Renegade soldiers killed Guinea-Bissau President Joao Bernardo Vieira in his palace yesterday, hours after a bomb blast took the life of his rival, the fragile West African country’s armed forces chief.
It was not immediately clear whether a coup was under way, and the capital, Bissau, was tense but calm.
Luis Sanca, security adviser to Prime Minister Carlos Gomes Jr, confirmed the president’s death, but gave no details.
A bomb blast on Sunday night killed armed forces chief of staff General Batiste Tagme na Waie at his headquarters in Bissau, according to a state radio report.
The two men were considered staunch political rivals.
Guinea-Bissau has suffered multiple coups and attempted coups since 1980, when Vieira himself first took power in one. The UN said the impoverished nation on the Atlantic coast of Africa has become a key transit point for cocaine smuggled from Latin America to Europe.
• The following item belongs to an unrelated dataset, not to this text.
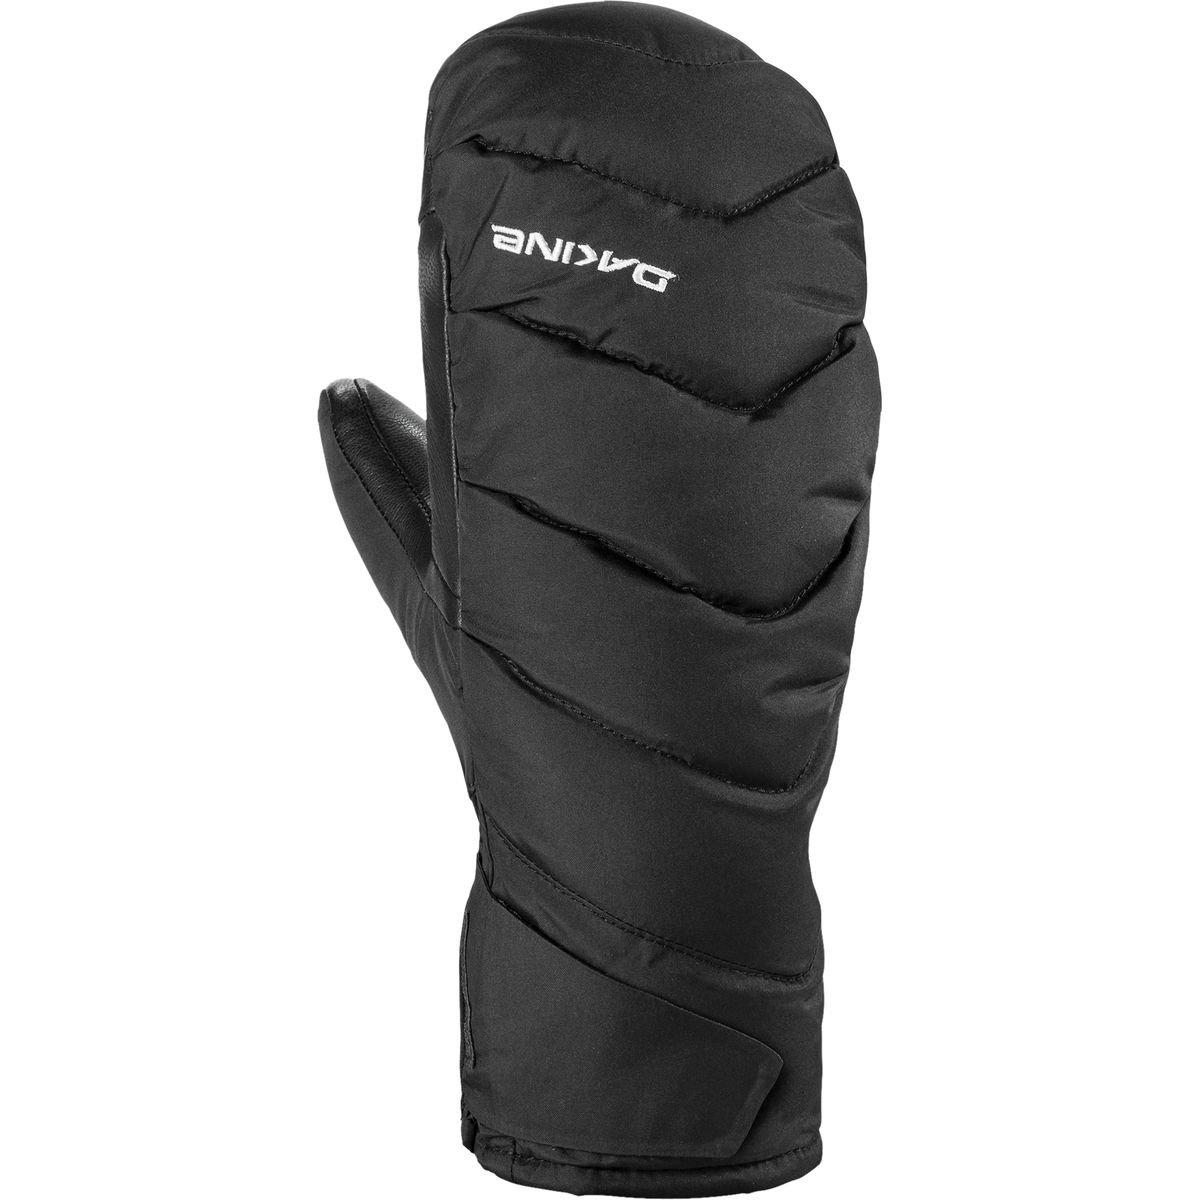 Dakine Women's Tundra Mitt Waterproof Gloves, Black, M by Dakine (Image #1)

Just hours after Waie’s death late on Sunday, volleys of automatic gunfire were heard for at least two hours before dawn in Bissau and residents said soldiers had converged on Vieira’s palace.
The Portuguese news agency LUSA reported that troops attacked with rockets and rifles. The president’s press chief, Barnabe Gomes, escaped from the house after being struck by a bullet in his right shoulder, LUSA said.
It was the second attack on Vieira in recent months. In November, Vieira’s residence was attacked by renegade soldiers with automatic weapons. At least one guard was killed in the failed coup attempt that was repulsed by loyalist security forces.
Waie also survived an apparent assassination attempt when unidentified attackers opened fire on his car in January.
It was not immediately clear what caused the blast that killed Waie.